APEX survey of interstellar HCl

³⁵Cl/³⁷Cl isotopic ratios in dense cores and outflows

¹ European Southern Observatory, Karl-Schwarzschild-Straße 2, 85748 Garching bei München, Germany
² Max-Planck-Institut für Radioastronomie, Auf dem Hügel 69, 53121 Bonn, Germany
³ I. Physikalisches Institut, Universität zu Köln, Zülpicher Str. 77, 50937 Köln, Germany

^★ Corresponding author.

Received: 8 August 2025
Accepted: 25 November 2025

Abstract

Context. Despite being only the nineteenth most abundant element in the interstellar medium, chlorine’s reactivity and volatility give rise to a unique interstellar chemistry, favouring the formation of several chlorine-bearing hydrides. Further, the ³⁵Cl/³⁷Cl ratio – shaped in supernovae and evolved stars – probes nucleosynthesis across the Galaxy. Yet, studies of Cl-bearing molecules have remained limited to a few sight lines due to observational challenges.

Aims. We systematically investigated the Galactic distribution of HCl and the [H³⁵Cl]/[H³⁷Cl] ratio in high-mass star-forming regions. As a probe of a region’s nucleosynthesis history, this ratio may constrain predictions of Galactic chemical evolution models.

Methods. We surveyed the ground-state J = 1–0 transitions of H³⁵Cl and H³⁷Cl near 625 GHz towards 28 sources with the SEPIA660 receiver on the APEX 12 m sub-millimetre telescope. This survey more than doubles the number of sources with HCl detections and reveals HCl emission arising from both the background core and associated outflows. The spectra were modelled with XCLASS to derive column densities, isotopic ratios, and the kinematics of both the core and the outflow components.
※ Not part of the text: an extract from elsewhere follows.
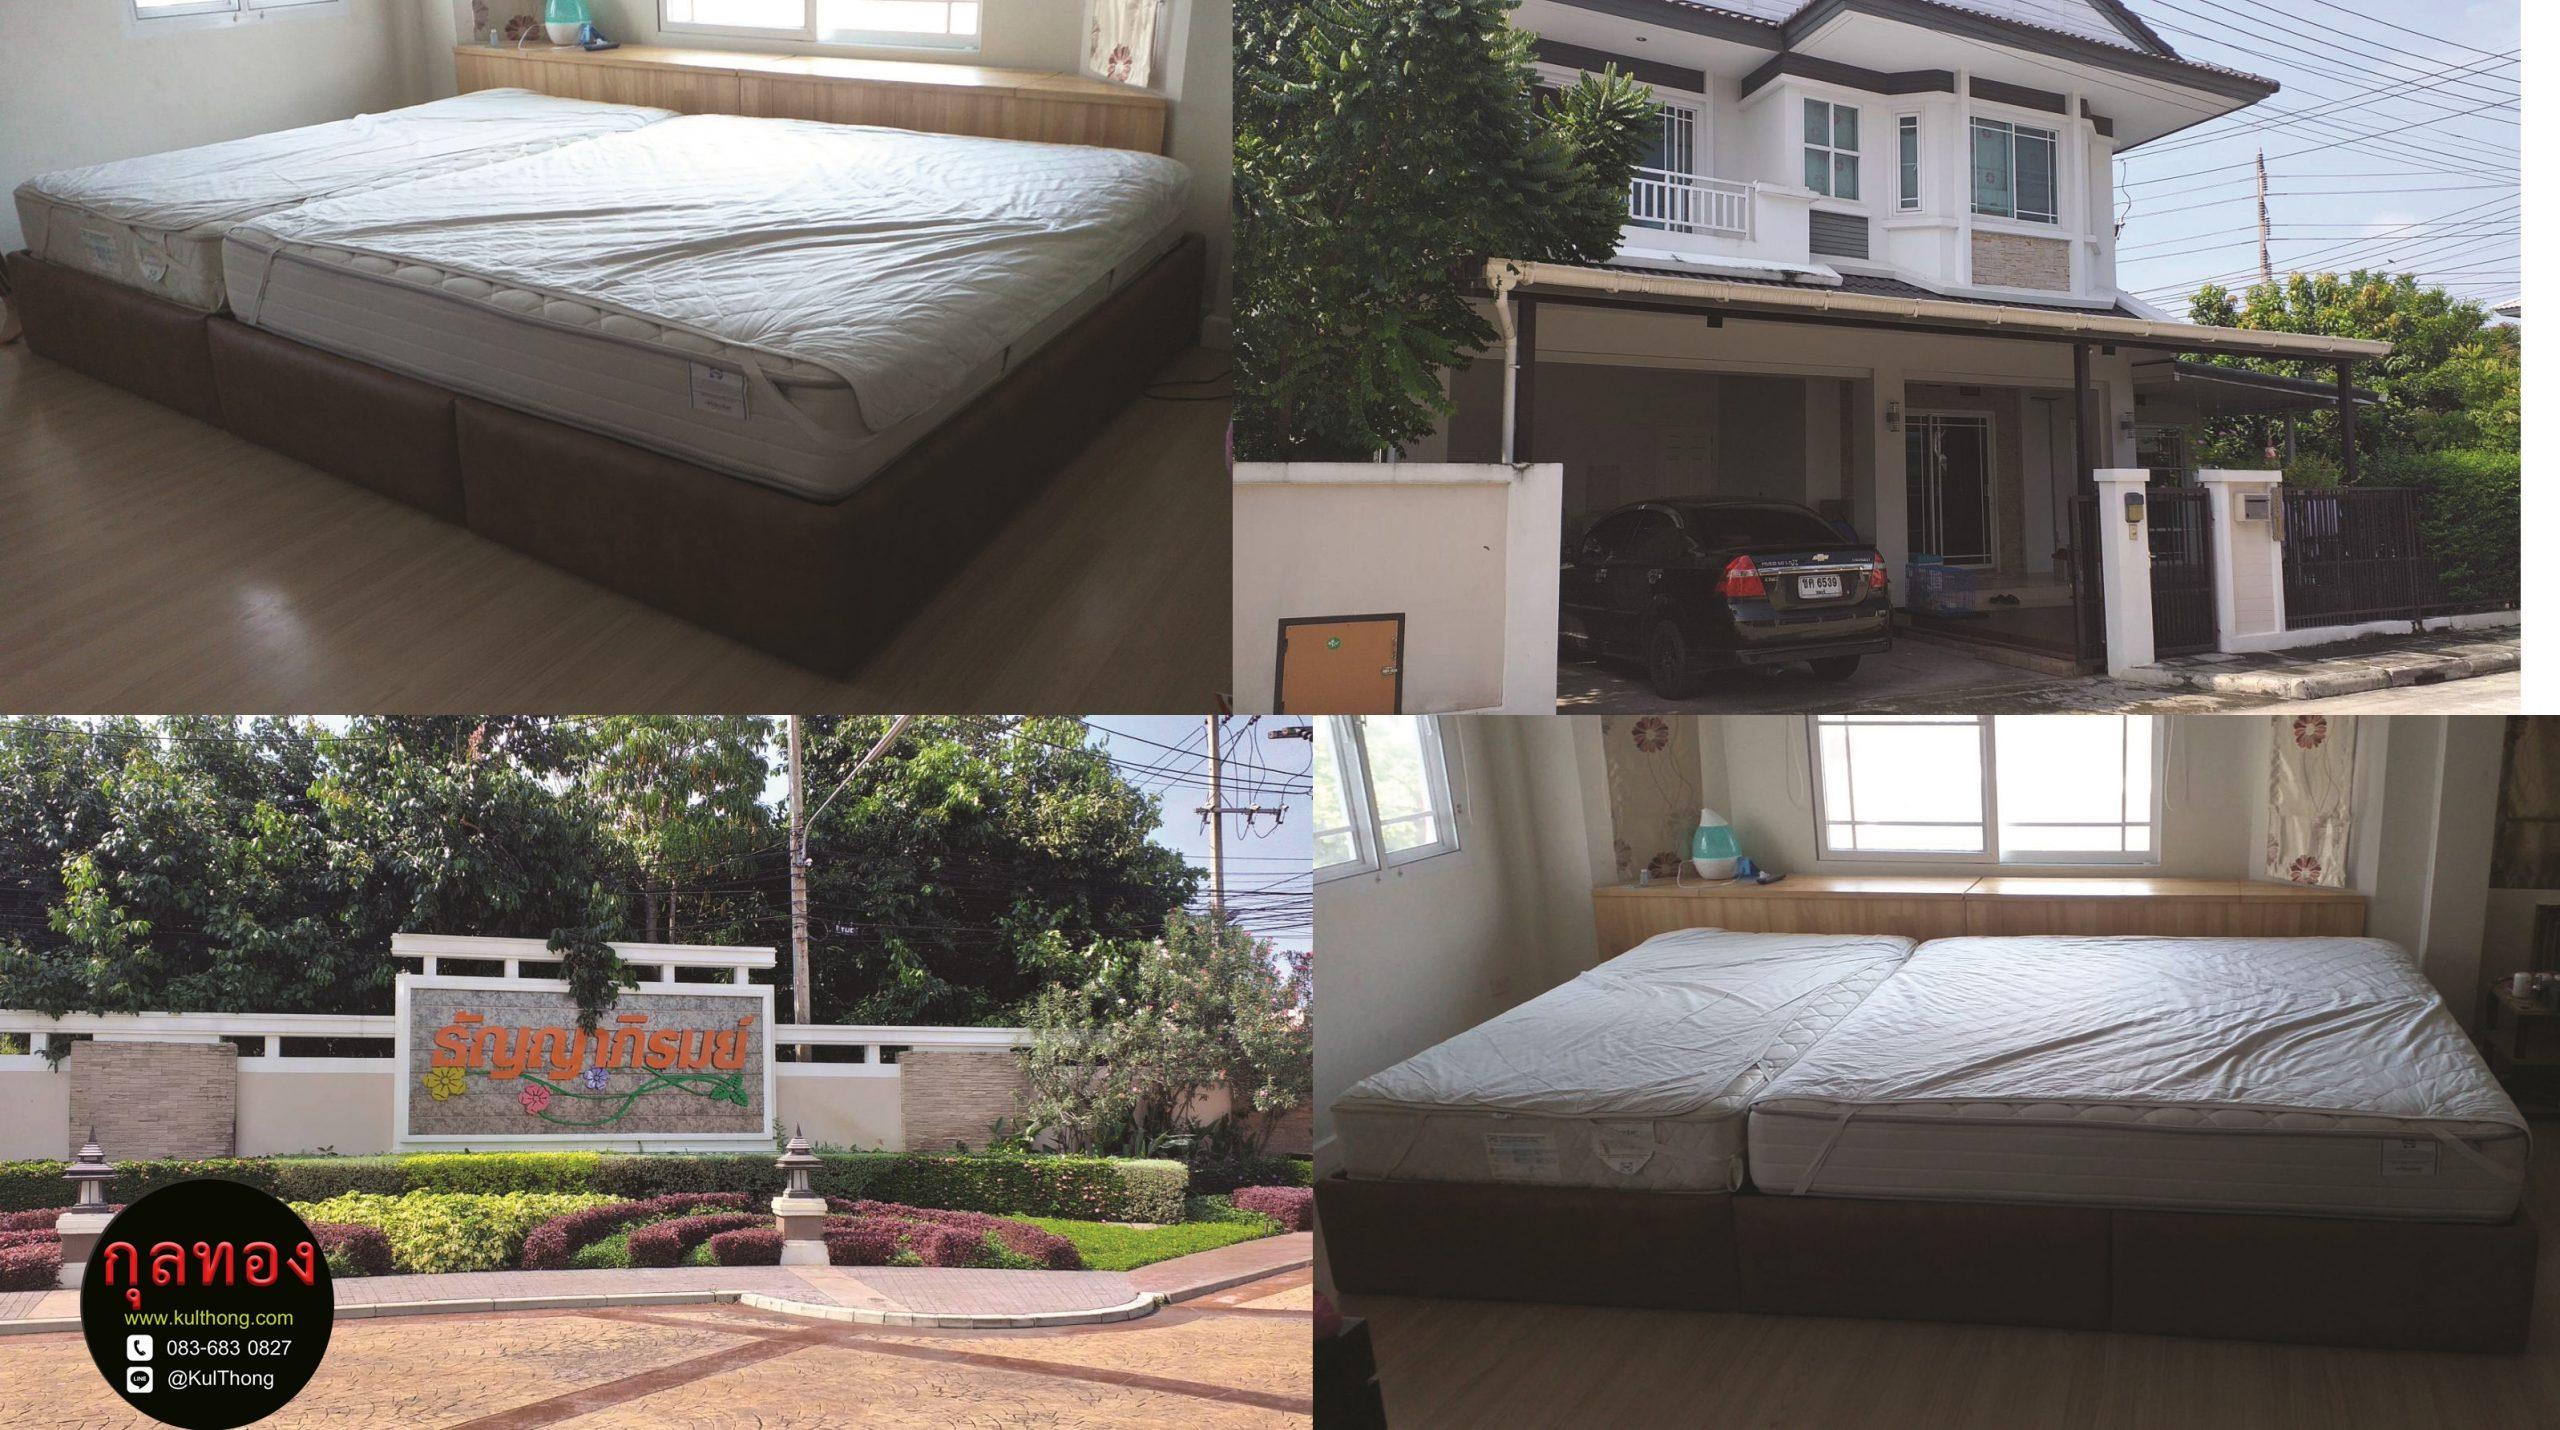 ฐานรองที่นอนธัญบุรี เตียงนอนปทุมธานี เตียงแฝด เตียงครอบครัว เตียงขนาดใหญ่

Results. H³⁵Cl was detected in all sources, H³⁷Cl in all but two, with spectral line profiles ranging from those with only emission to complex emission–absorption mixtures. Column densities span from 2.3–22.8 × 10¹³ cm⁻² for H³⁵Cl and 0.6–12.5 × 10¹³ cm⁻² for H³⁷Cl, resulting in isotopic ratios between 1.6 and 3.5 in emission-only sources.

Conclusions. The derived [H³⁵Cl]/[H³⁷Cl] aligns with Galactic chemical evolution models and shows no trend with Galactocentric radius. However, local variations may reflect recent nucleosynthesis. Overall, the results suggest that most Galactic chlorine was synthesised during epochs of lower average metallicity in the Galaxy. Notably, we detect H³⁵Cl emission arising from outflows – particularly explosive ones – hinting at its presence in a broader range of environments. The present single-dish observations cannot reveal the origin of HCl in outflows, necessitating interferometric follow-up observations.